Предыдущая глава |
↓ Содержание ↓
↑ Свернуть ↑
| Следующая глава |
— Ну, так и мы с Вальком вызываемся! — хлопнул себя по колену Лешка и решительно поднялся с земли. — Пошли купаться, Натах. А ты, оказывается, мозг. Не ожидал.
Стряхнув с себя остатки досады, Наташка снова деловито кивнула и не терпящим возражений тоном отчеканила:
— Сразу после пруда ждем вас у Светки на огороде. Не опаздывайте.
* * *
Вынырнув из воды после очередного прыжка с бревна, Аленка обессилено уцепилась за торчащий сбоку сучок и, тяжело дыша, обтерла лицо тыльной стороной ладони, размазывая по щекам темные подтеки туши.

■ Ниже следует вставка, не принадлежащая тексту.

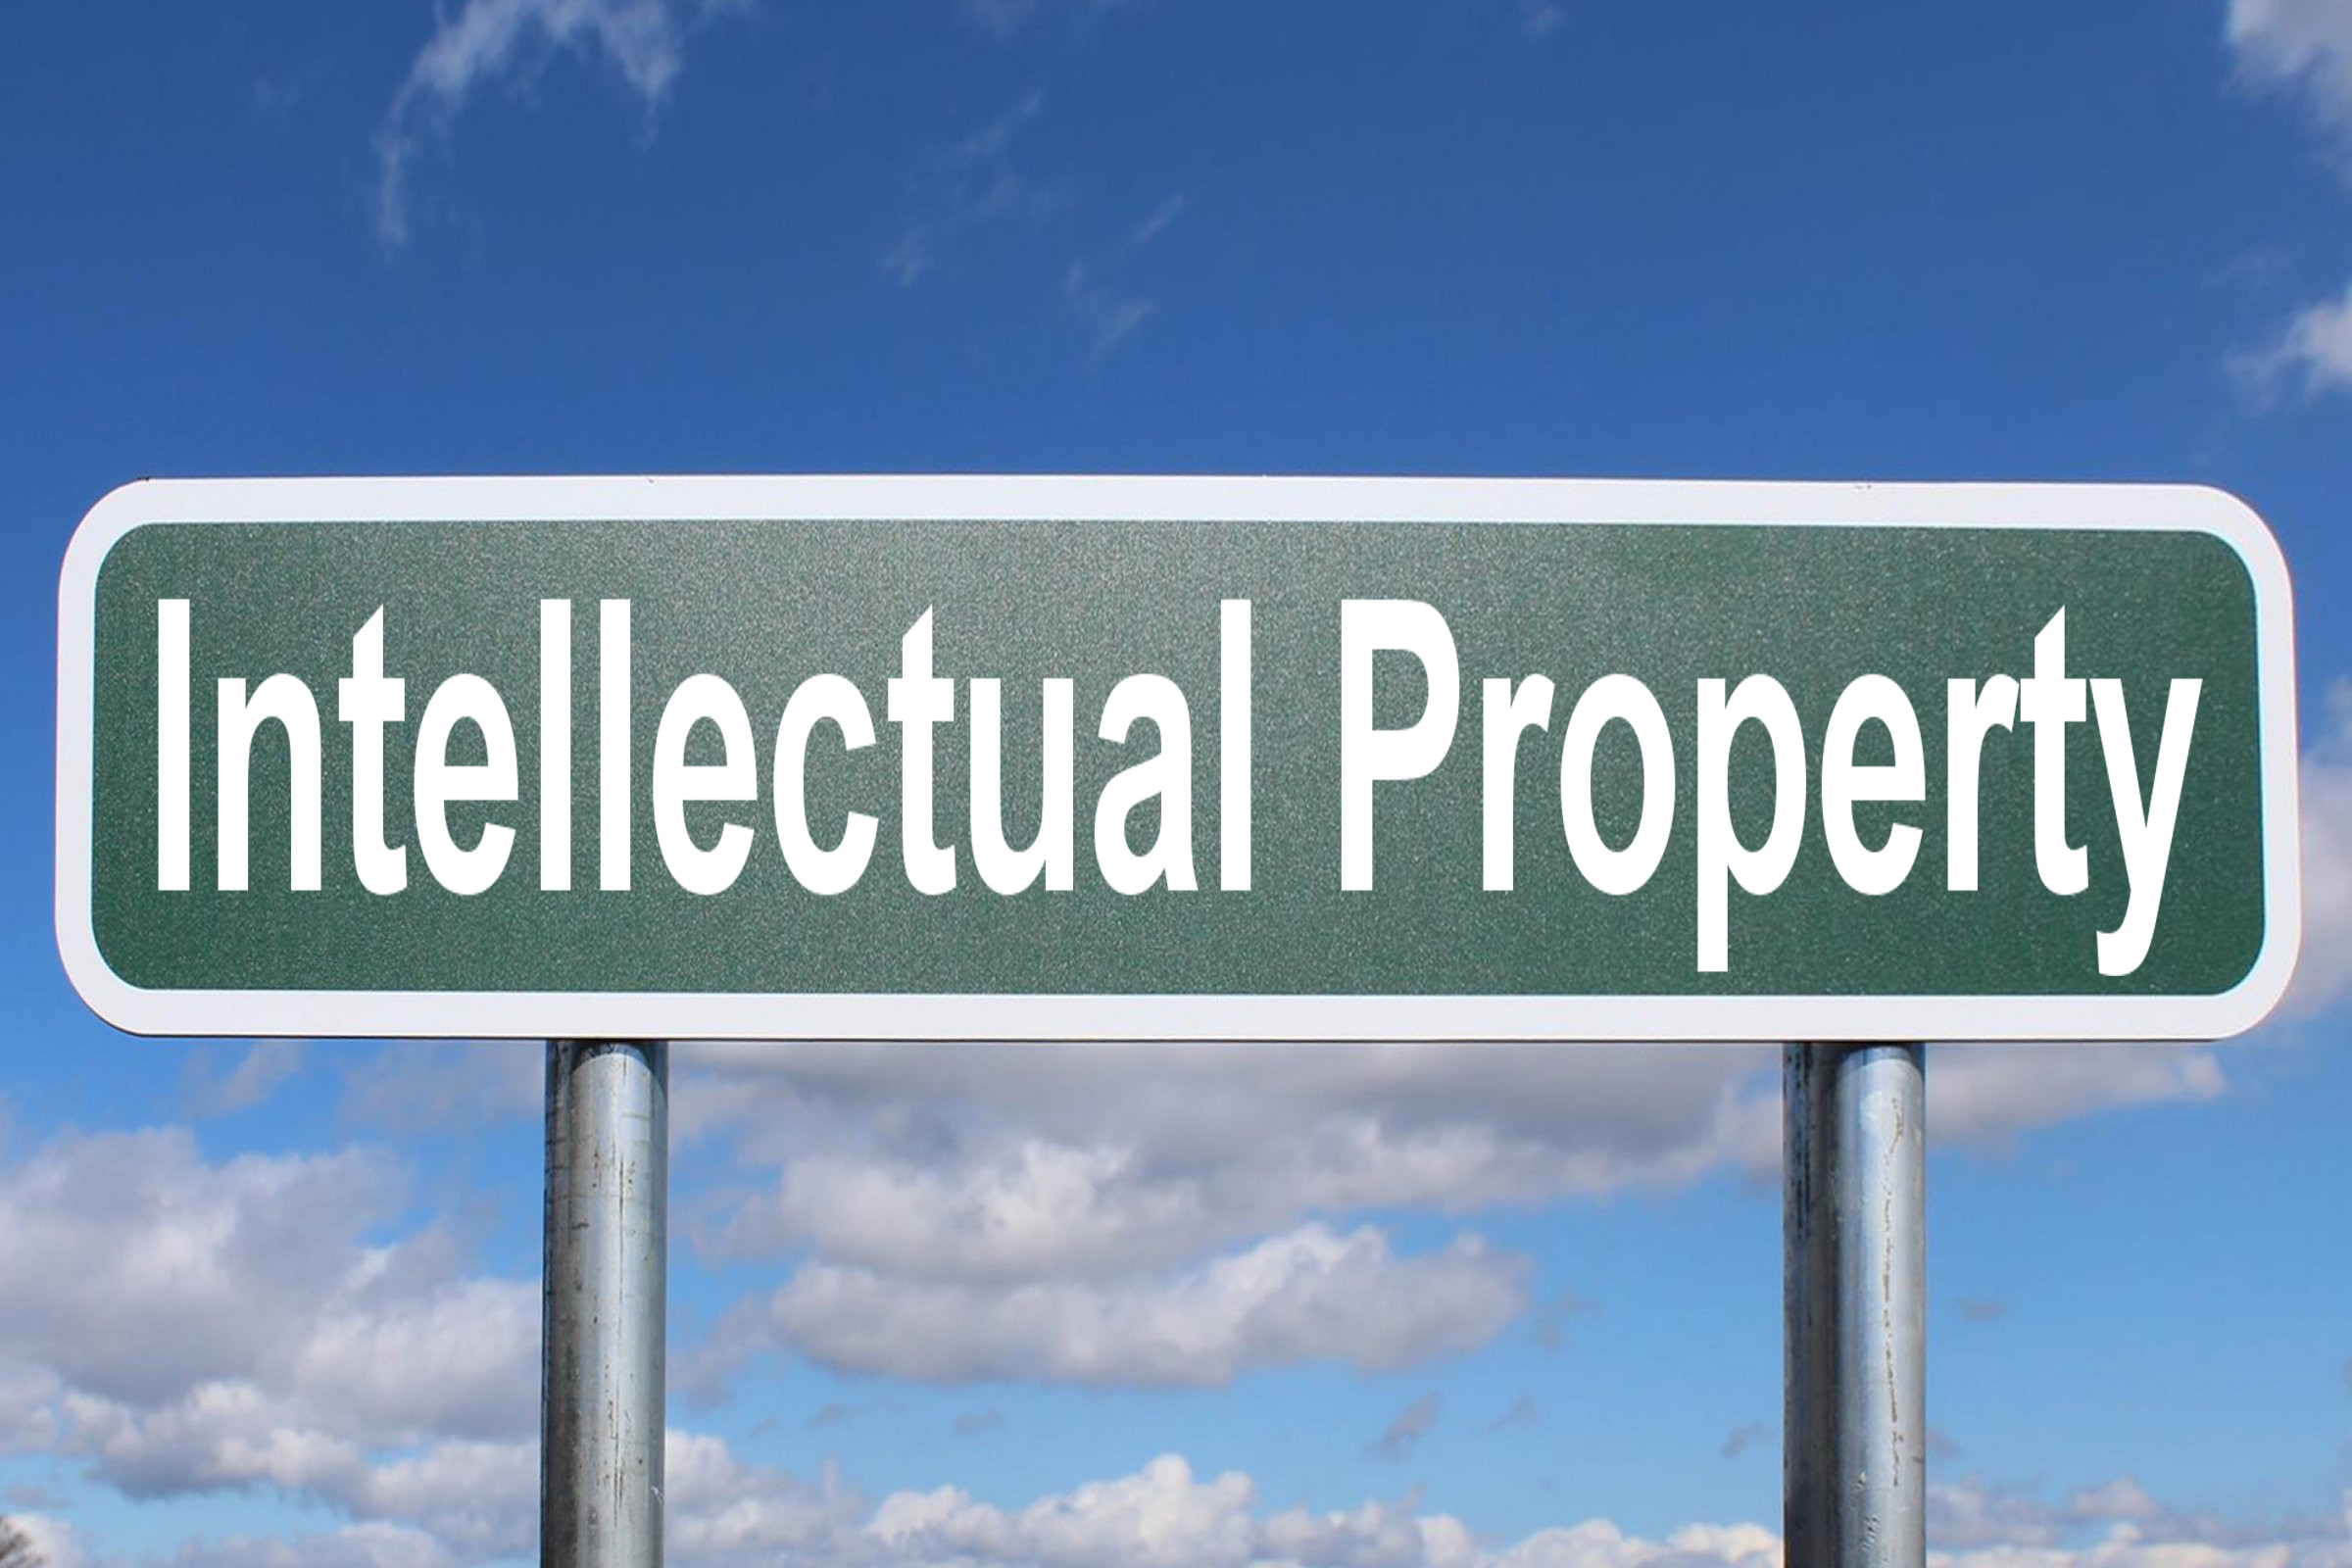 Intellectual Property Free of Charge Creative Commons Highway sign image

— Фуф! Больше не могу. Поплыли на берег! — сквозь смех, предложила она Димке.
Парень ласково поцеловал ее в уголок губ и согласно кивнул, но в этот момент его окликнул Вереск.
— Эй! Димон! Ай-да наперегонки к тому берегу!
— Лучше вдоль! — отозвался Димка и ринулся в обозначенном направлении, уже через несколько секунд нагнав Вереска. — Ален, я скоро к тебе присоединюсь! — не оборачиваясь, крикнул он.
— Как дети, — улыбаясь, пробормотала Аленка и, оттолкнувшись от бревна, поплыла в противоположном от Димки направлении, намереваясь позагорать пока эти два великовозрастных оболтуса состязаются в скорости.
Едва не падая с ног от усталости и переизбытка эмоций, девушка выбралась на осклизлый берег. Колени подкашивались, грудь трепетно вздымалась от частого прерывистого дыхания, щеки пылали, а на губах, словно приклеенная, красовалась блаженная улыбка, лучше сотни слов описывая чувства девушки.
Все прежние неразрешимые проблемы в одночасье выпорхнули из головы, не оставив после себя и следа. Маринка морали читает? Да пошла она к черту эта праведница! Тимур в Питере остался? Да, но ведь здесь есть Димка! Веселый и остроумный красавчик Димка! Что-то еще? Уже забыла... Значит, и вовсе не имеет к ней, Аленке, никакого отношения! А если и имеет, то какая ей до этого разница!
Стараясь не наступать на битые стекла, которыми был усыпан берег, Аленка направилась к мотоциклу за полотенцем. Машинально оглянулась вокруг, оценивая обстановку.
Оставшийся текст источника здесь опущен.